_THE TASK_.
Each line of data below is to be returned exactly, leaving out any picture.

_COLLECTED DATA_.
────

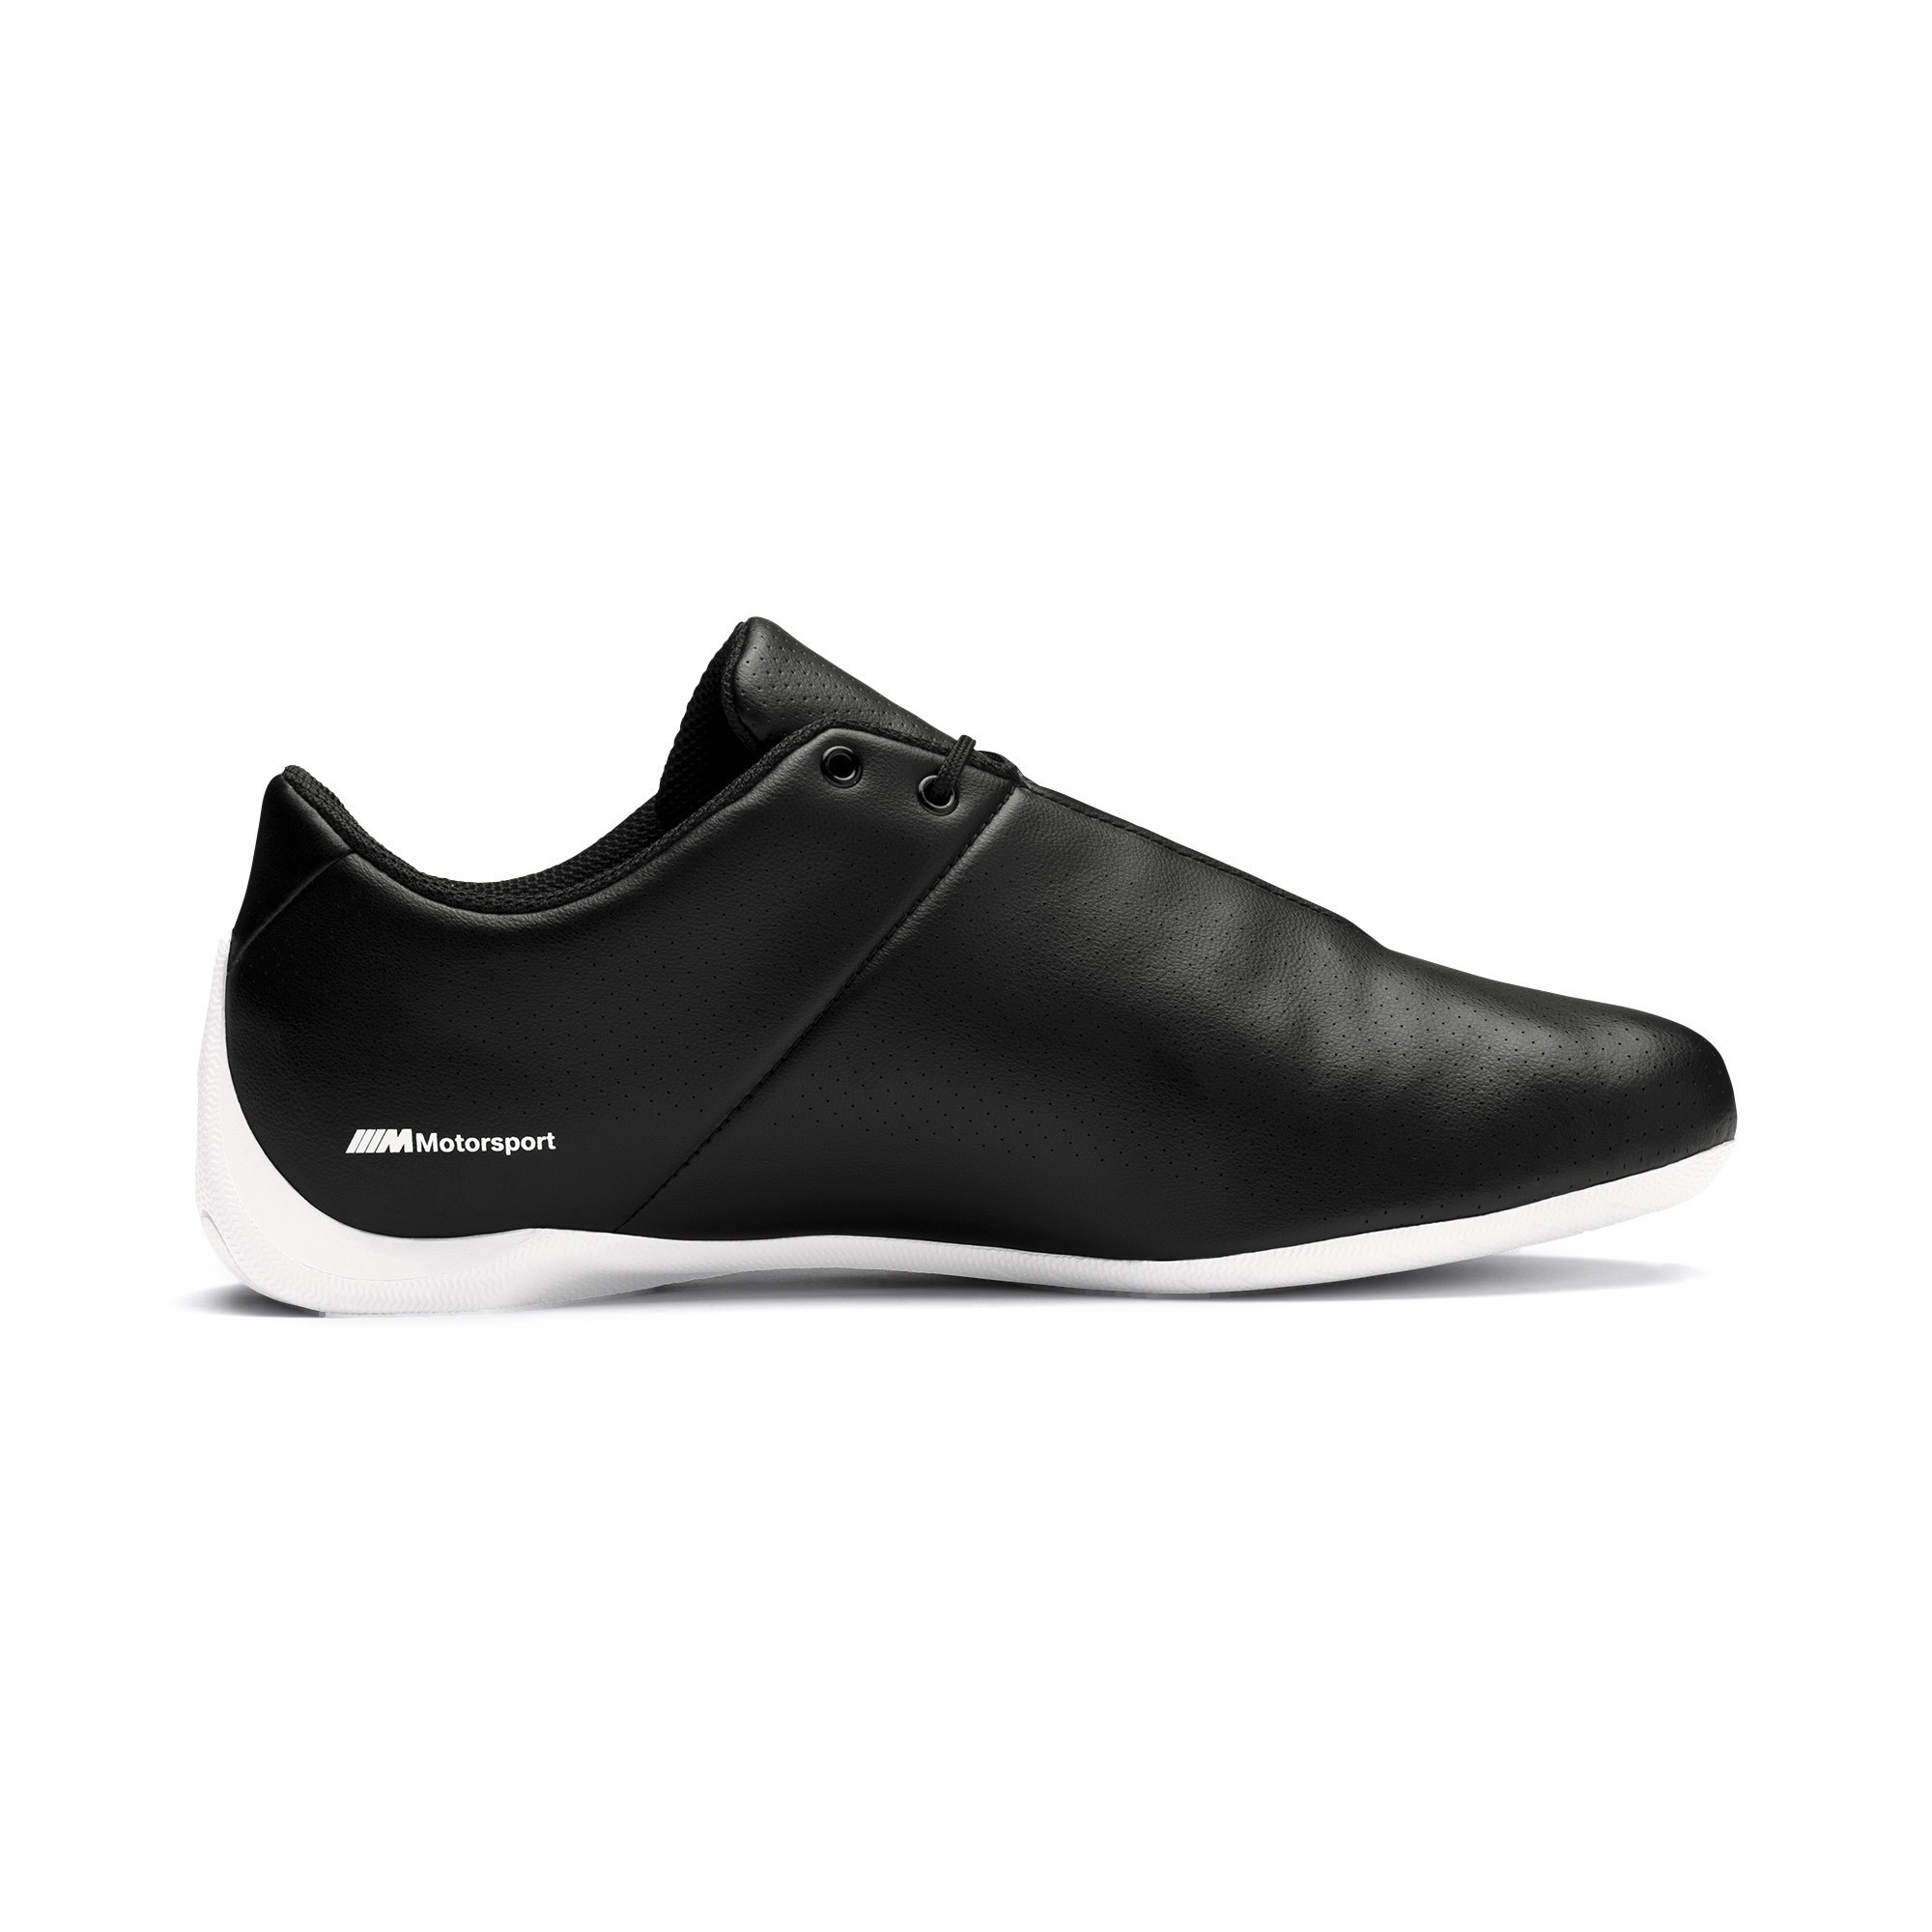 Indexbild 16 - PUMA BMW M Motorsport Future Cat Ultra Sneaker Unisex Schuhe Neu
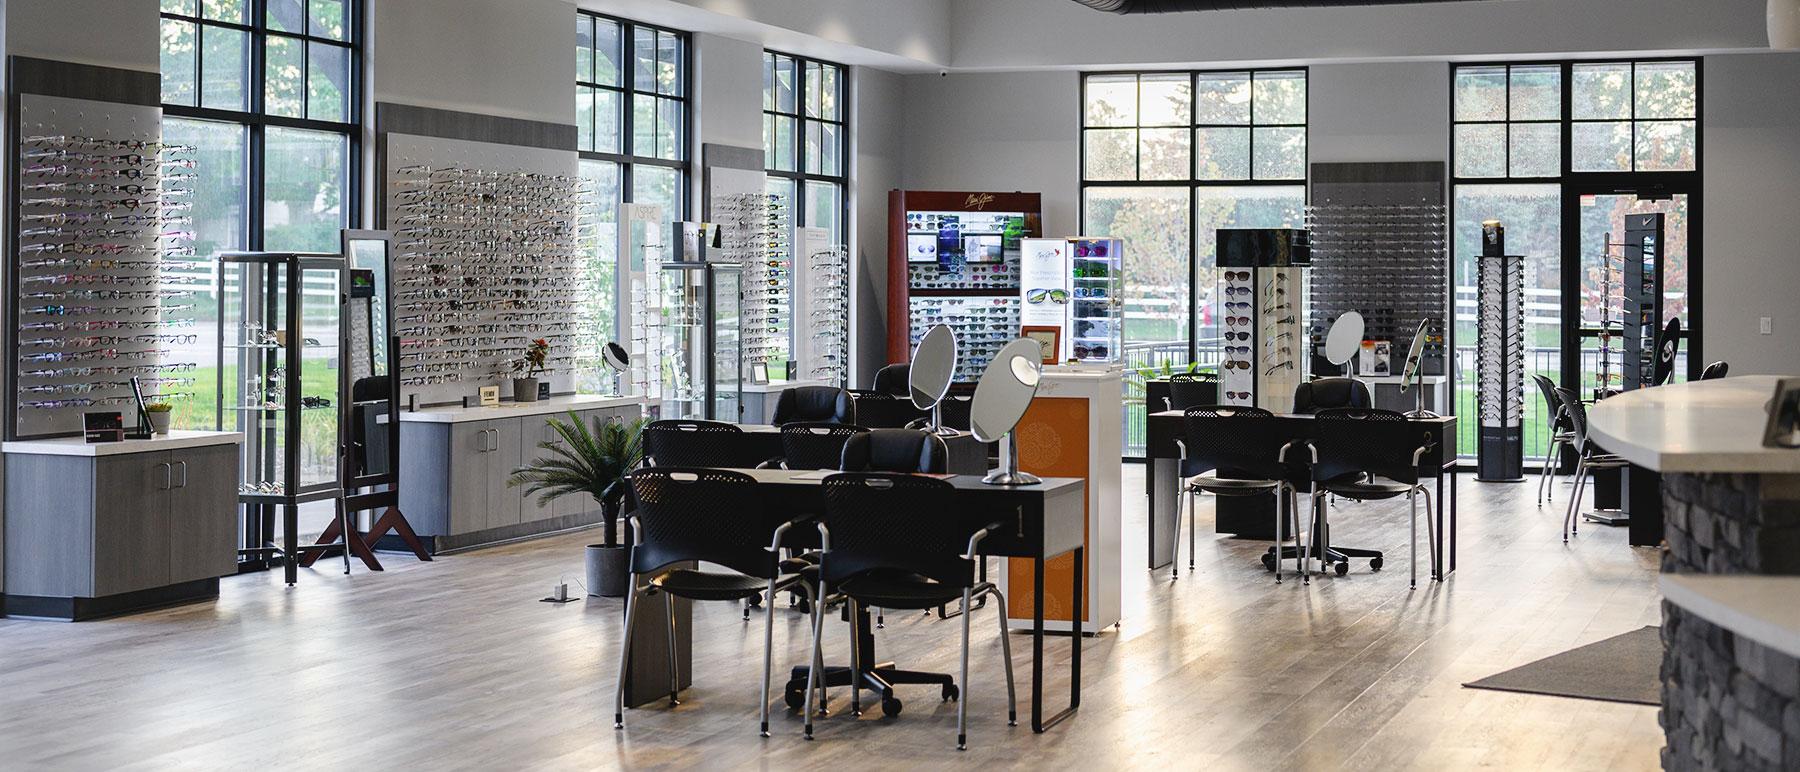 optical galleries at Lakeshore Eyecare Center
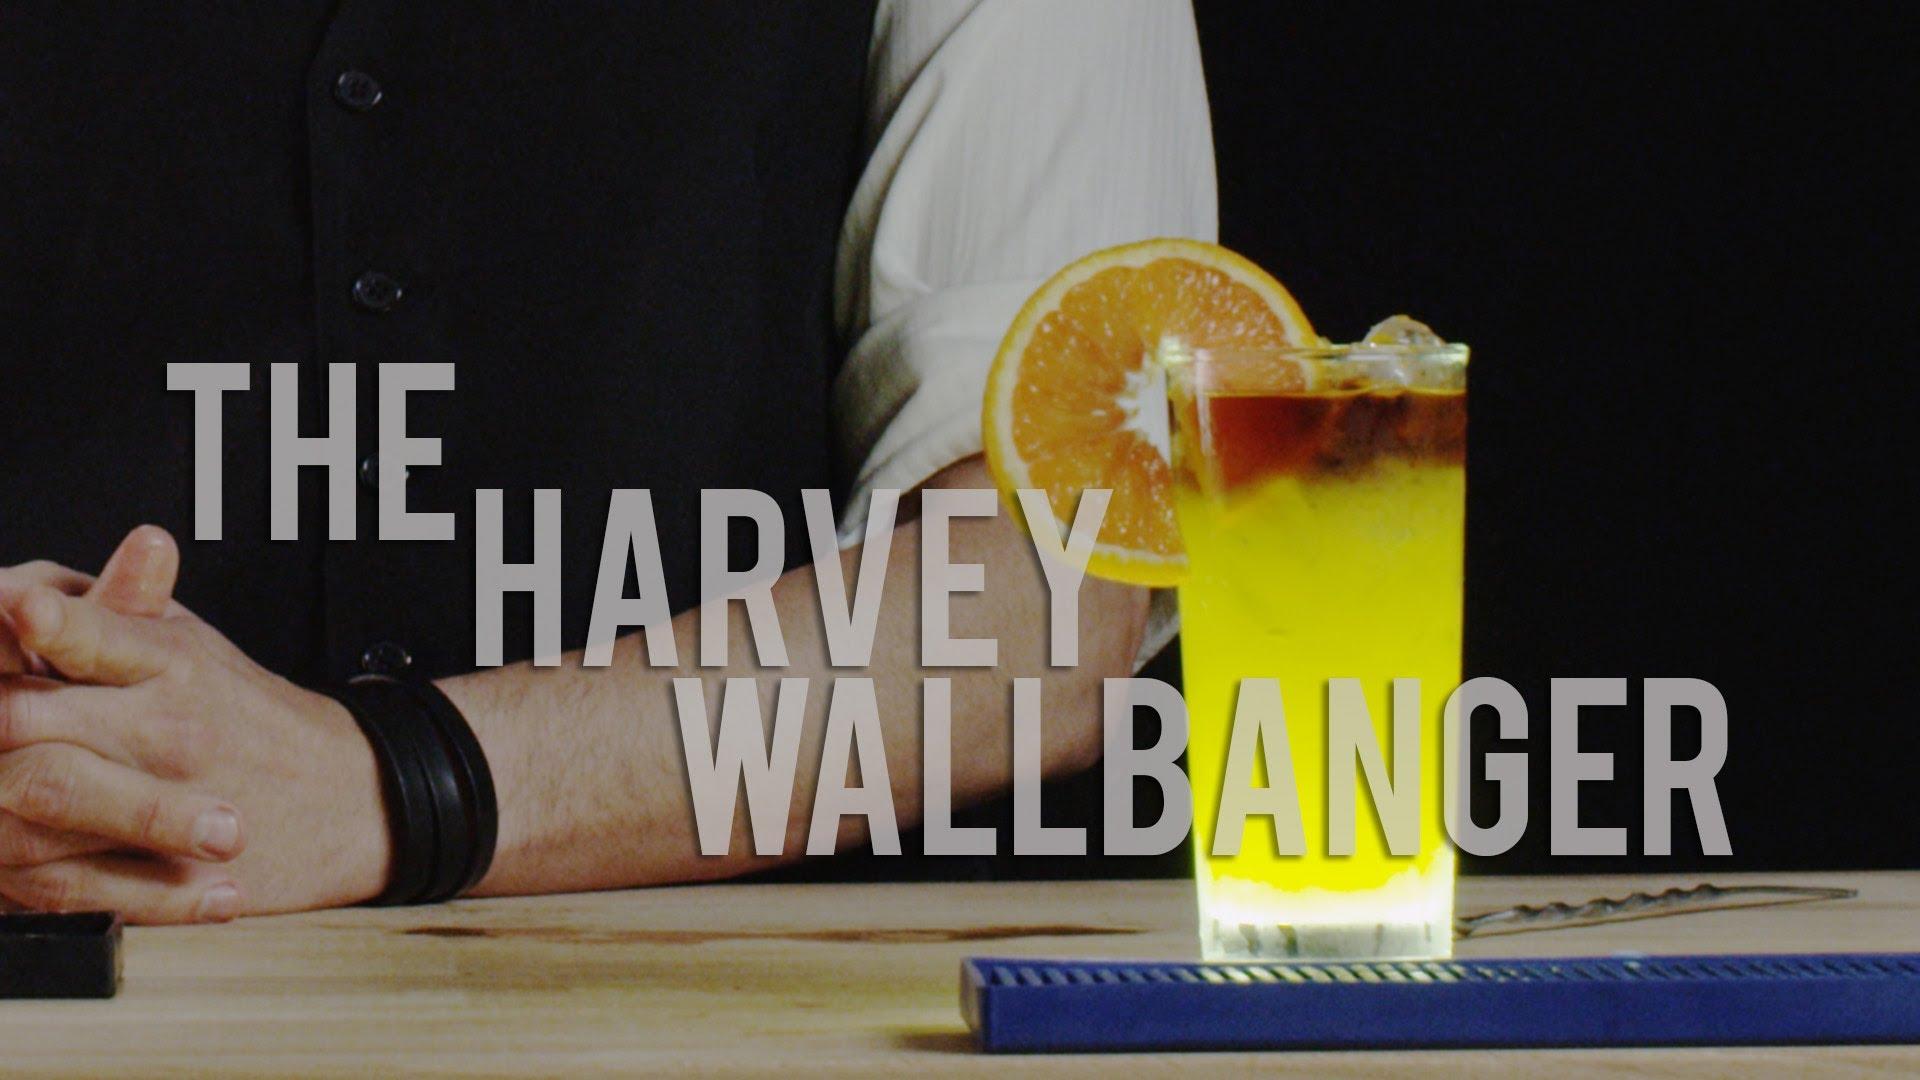 Nice wallpapers Harvey Wallbanger 1920x1080px

────

_RESULT_.
 Indexbild 16 - PUMA BMW M Motorsport Future Cat Ultra Sneaker Unisex Schuhe Neu
 optical galleries at Lakeshore Eyecare Center
 Nice wallpapers Harvey Wallbanger 1920x1080px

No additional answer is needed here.